Looking for some insight:

About 6 weeks ago I found out my W was having a EA on Facebook. I confronted her, she tells me she loves me but isn't in love with me anymore and doesn't know if the feelings will come back. She wants to try to work on our marriage. She has no more contact with the guy on Facebook at all. We start counseling in a week.

Fast forward to now. I have been working on the things I know were wrong that I can do, taking care of more responsibilities around the house, talking more, sharing more, being more involved all around. The tension in the house has gone down a ton so the emotional roller coaster has leveled off a bit. We talk a lot more and are having some fun together as a couple. 

She still is having trouble telling me clearly what was lacking for her emotional needs other then what I mentioned above. Hopefully our counseling can bring that into focus a little more.
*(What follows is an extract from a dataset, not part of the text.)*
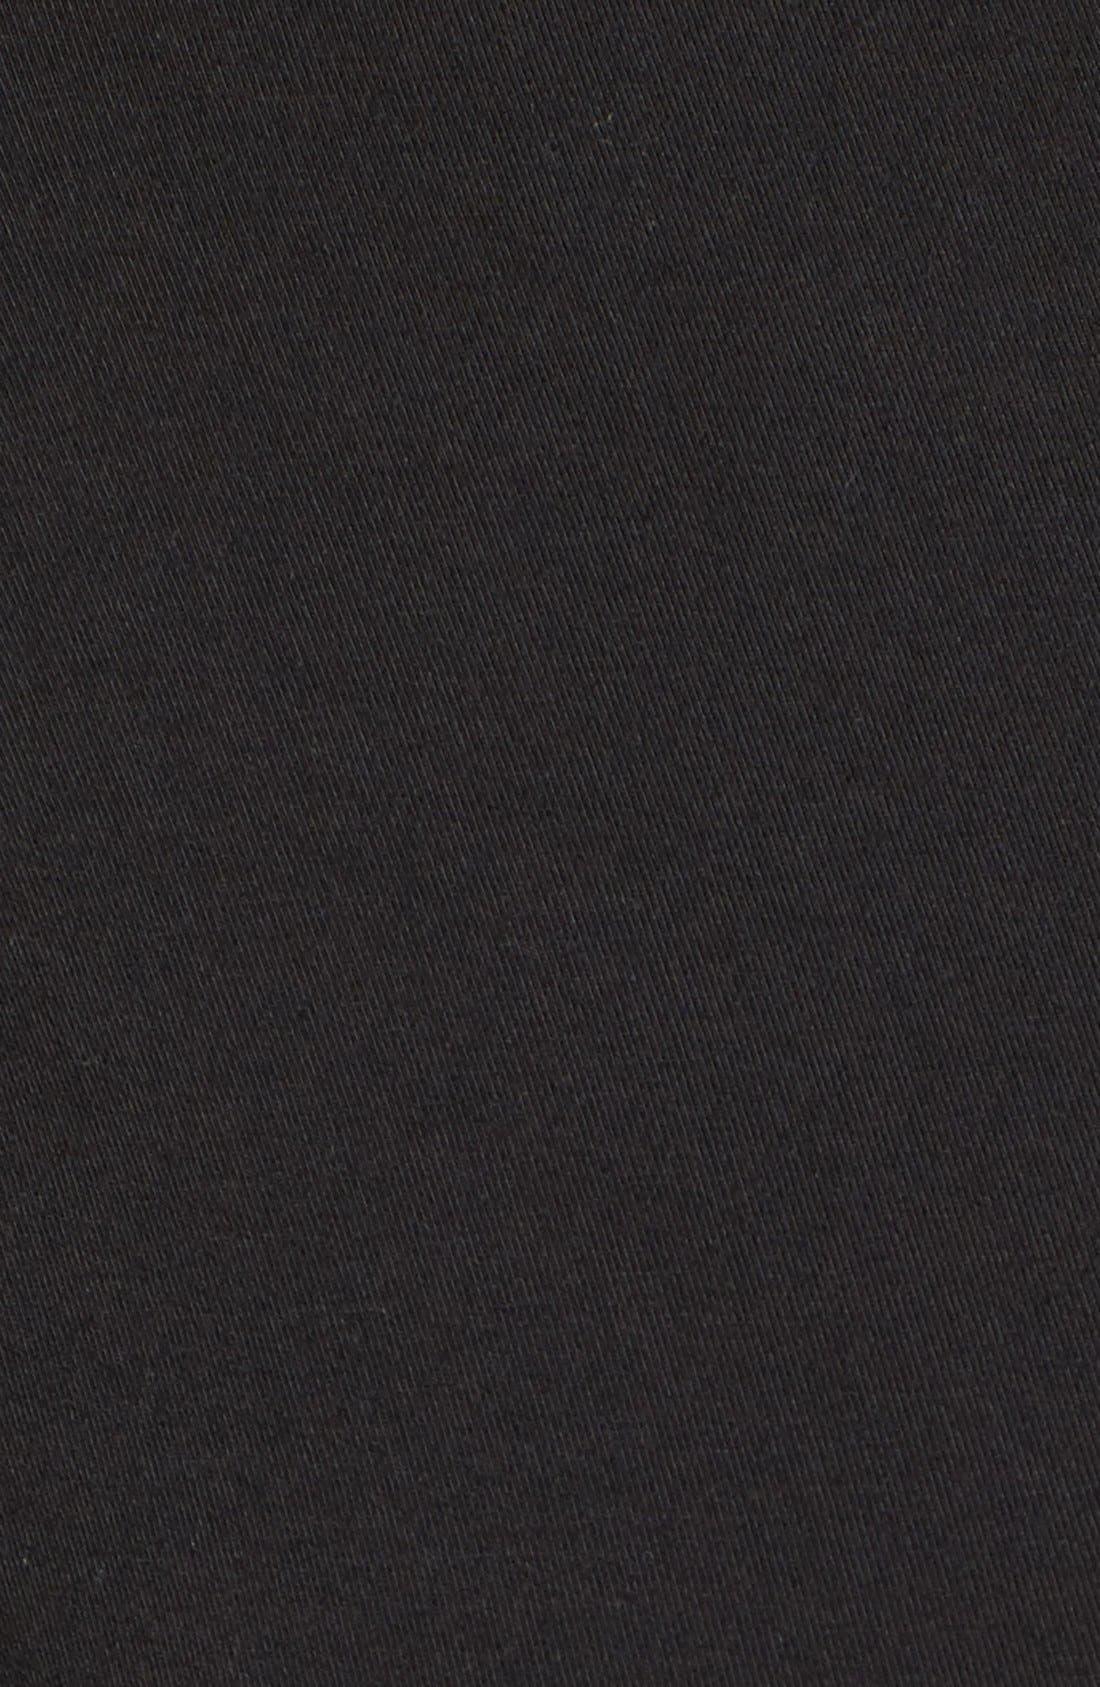 Tart 'Peaches' Maternity Body-Con Dress,                             Alternate thumbnail 2, color,                             BLACK

So I guess in a typical "Guy" question: what signs do I look for to gauge if we are making progress or not? I realize there are no hard/fast rules or indicators. If I ask her, she tells me she thinks we are doing better but she is not sure! Causing me to pull out some of the few remaining hairs in my head! LOL

I realize we didn't get into this spot overnight and it won't get fixed overnight. I am just looking for some experienced input to know the best way to proceed.

Thank You,

Zeke351


----------



## SurpriseMyself (Nov 14, 2009)

Without knowing the details, all I can say is that a woman wants to feel like you are the person she'd rather spend time with over anyone else. You two need to laugh together. You need to really enjoy your time together. If you used to, get back there in your memory. What was it like? How did you act? If you never did, then I don't know what you can do.


----------